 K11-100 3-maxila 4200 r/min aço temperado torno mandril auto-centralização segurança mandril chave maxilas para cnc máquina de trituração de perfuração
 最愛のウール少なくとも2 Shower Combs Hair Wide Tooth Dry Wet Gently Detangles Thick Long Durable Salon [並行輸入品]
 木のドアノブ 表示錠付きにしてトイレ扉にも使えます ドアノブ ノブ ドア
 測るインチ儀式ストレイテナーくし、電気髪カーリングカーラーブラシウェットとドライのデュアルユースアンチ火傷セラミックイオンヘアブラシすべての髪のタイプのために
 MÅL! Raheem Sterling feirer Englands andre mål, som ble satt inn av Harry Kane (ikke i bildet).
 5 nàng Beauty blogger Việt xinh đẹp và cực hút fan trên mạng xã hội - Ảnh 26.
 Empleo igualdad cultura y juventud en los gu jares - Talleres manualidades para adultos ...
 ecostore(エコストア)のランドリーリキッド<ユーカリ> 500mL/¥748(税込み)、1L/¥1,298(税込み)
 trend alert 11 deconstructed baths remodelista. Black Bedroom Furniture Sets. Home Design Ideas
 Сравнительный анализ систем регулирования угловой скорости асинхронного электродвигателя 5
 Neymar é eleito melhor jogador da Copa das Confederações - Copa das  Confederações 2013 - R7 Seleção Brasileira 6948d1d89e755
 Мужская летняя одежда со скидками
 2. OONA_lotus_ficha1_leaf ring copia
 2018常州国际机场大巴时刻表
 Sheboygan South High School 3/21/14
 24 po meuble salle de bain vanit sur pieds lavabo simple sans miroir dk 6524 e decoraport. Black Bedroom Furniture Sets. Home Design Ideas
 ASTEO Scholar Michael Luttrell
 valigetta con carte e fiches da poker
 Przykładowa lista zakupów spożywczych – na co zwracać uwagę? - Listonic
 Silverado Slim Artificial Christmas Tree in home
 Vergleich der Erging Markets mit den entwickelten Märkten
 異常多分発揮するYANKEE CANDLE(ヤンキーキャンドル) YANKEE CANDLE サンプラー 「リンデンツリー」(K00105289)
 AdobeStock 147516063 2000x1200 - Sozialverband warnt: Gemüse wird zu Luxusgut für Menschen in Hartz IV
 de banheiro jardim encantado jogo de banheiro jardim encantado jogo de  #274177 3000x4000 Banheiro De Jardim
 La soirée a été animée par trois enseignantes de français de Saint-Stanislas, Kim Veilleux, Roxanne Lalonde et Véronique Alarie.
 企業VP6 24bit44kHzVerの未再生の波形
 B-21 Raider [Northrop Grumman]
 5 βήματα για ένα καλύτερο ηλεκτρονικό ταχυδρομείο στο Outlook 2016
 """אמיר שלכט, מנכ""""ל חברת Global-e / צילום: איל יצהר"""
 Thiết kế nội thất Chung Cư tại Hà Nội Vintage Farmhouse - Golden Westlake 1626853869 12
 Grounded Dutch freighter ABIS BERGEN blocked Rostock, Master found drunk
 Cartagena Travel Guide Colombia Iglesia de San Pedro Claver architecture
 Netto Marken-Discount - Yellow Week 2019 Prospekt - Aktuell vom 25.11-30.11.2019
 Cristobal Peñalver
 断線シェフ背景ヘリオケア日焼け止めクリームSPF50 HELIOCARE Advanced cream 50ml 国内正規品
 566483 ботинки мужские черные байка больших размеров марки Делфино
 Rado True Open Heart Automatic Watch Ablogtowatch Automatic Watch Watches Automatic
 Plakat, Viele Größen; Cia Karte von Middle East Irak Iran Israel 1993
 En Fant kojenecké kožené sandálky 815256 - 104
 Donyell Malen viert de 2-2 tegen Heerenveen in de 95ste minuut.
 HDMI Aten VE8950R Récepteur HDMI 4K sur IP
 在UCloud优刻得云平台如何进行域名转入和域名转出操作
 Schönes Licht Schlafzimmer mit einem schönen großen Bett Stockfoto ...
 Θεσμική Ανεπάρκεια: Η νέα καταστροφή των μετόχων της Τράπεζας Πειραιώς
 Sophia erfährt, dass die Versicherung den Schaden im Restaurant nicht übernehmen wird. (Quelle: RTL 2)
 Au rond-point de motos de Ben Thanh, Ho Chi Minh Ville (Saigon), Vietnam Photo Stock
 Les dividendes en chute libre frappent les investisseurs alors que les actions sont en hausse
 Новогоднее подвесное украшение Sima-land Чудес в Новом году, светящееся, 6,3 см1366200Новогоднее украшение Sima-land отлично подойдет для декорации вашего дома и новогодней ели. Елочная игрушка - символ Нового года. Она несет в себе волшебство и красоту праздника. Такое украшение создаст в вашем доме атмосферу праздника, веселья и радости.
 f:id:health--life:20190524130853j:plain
———
Each entry needs to be copied out exactly as written.

_Problem solution_.
 K11-100 3-maxila 4200 r/min aço temperado torno mandril auto-centralização segurança mandril chave maxilas para cnc máquina de trituração de perfuração
 最愛のウール少なくとも2 Shower Combs Hair Wide Tooth Dry Wet Gently Detangles Thick Long Durable Salon [並行輸入品]
 木のドアノブ 表示錠付きにしてトイレ扉にも使えます ドアノブ ノブ ドア
 測るインチ儀式ストレイテナーくし、電気髪カーリングカーラーブラシウェットとドライのデュアルユースアンチ火傷セラミックイオンヘアブラシすべての髪のタイプのために
 MÅL! Raheem Sterling feirer Englands andre mål, som ble satt inn av Harry Kane (ikke i bildet).
 5 nàng Beauty blogger Việt xinh đẹp và cực hút fan trên mạng xã hội - Ảnh 26.
 Empleo igualdad cultura y juventud en los gu jares - Talleres manualidades para adultos ...
 ecostore(エコストア)のランドリーリキッド<ユーカリ> 500mL/¥748(税込み)、1L/¥1,298(税込み)
 trend alert 11 deconstructed baths remodelista. Black Bedroom Furniture Sets. Home Design Ideas
 Сравнительный анализ систем регулирования угловой скорости асинхронного электродвигателя 5
 Neymar é eleito melhor jogador da Copa das Confederações - Copa das  Confederações 2013 - R7 Seleção Brasileira 6948d1d89e755
 Мужская летняя одежда со скидками
 2. OONA_lotus_ficha1_leaf ring copia
 2018常州国际机场大巴时刻表
 Sheboygan South High School 3/21/14
 24 po meuble salle de bain vanit sur pieds lavabo simple sans miroir dk 6524 e decoraport. Black Bedroom Furniture Sets. Home Design Ideas
 ASTEO Scholar Michael Luttrell
 valigetta con carte e fiches da poker
 Przykładowa lista zakupów spożywczych – na co zwracać uwagę? - Listonic
 Silverado Slim Artificial Christmas Tree in home
 Vergleich der Erging Markets mit den entwickelten Märkten
 異常多分発揮するYANKEE CANDLE(ヤンキーキャンドル) YANKEE CANDLE サンプラー 「リンデンツリー」(K00105289)
 AdobeStock 147516063 2000x1200 - Sozialverband warnt: Gemüse wird zu Luxusgut für Menschen in Hartz IV
 de banheiro jardim encantado jogo de banheiro jardim encantado jogo de  #274177 3000x4000 Banheiro De Jardim
 La soirée a été animée par trois enseignantes de français de Saint-Stanislas, Kim Veilleux, Roxanne Lalonde et Véronique Alarie.
 企業VP6 24bit44kHzVerの未再生の波形
 B-21 Raider [Northrop Grumman]
 5 βήματα για ένα καλύτερο ηλεκτρονικό ταχυδρομείο στο Outlook 2016
 """אמיר שלכט, מנכ""""ל חברת Global-e / צילום: איל יצהר"""
 Thiết kế nội thất Chung Cư tại Hà Nội Vintage Farmhouse - Golden Westlake 1626853869 12
 Grounded Dutch freighter ABIS BERGEN blocked Rostock, Master found drunk
 Cartagena Travel Guide Colombia Iglesia de San Pedro Claver architecture
 Netto Marken-Discount - Yellow Week 2019 Prospekt - Aktuell vom 25.11-30.11.2019
 Cristobal Peñalver
 断線シェフ背景ヘリオケア日焼け止めクリームSPF50 HELIOCARE Advanced cream 50ml 国内正規品
 566483 ботинки мужские черные байка больших размеров марки Делфино
 Rado True Open Heart Automatic Watch Ablogtowatch Automatic Watch Watches Automatic
 Plakat, Viele Größen; Cia Karte von Middle East Irak Iran Israel 1993
 En Fant kojenecké kožené sandálky 815256 - 104
 Donyell Malen viert de 2-2 tegen Heerenveen in de 95ste minuut.
 HDMI Aten VE8950R Récepteur HDMI 4K sur IP
 在UCloud优刻得云平台如何进行域名转入和域名转出操作
 Schönes Licht Schlafzimmer mit einem schönen großen Bett Stockfoto ...
 Θεσμική Ανεπάρκεια: Η νέα καταστροφή των μετόχων της Τράπεζας Πειραιώς
 Sophia erfährt, dass die Versicherung den Schaden im Restaurant nicht übernehmen wird. (Quelle: RTL 2)
 Au rond-point de motos de Ben Thanh, Ho Chi Minh Ville (Saigon), Vietnam Photo Stock
 Les dividendes en chute libre frappent les investisseurs alors que les actions sont en hausse
 Новогоднее подвесное украшение Sima-land Чудес в Новом году, светящееся, 6,3 см1366200Новогоднее украшение Sima-land отлично подойдет для декорации вашего дома и новогодней ели. Елочная игрушка - символ Нового года. Она несет в себе волшебство и красоту праздника. Такое украшение создаст в вашем доме атмосферу праздника, веселья и радости.
 f:id:health--life:20190524130853j:plain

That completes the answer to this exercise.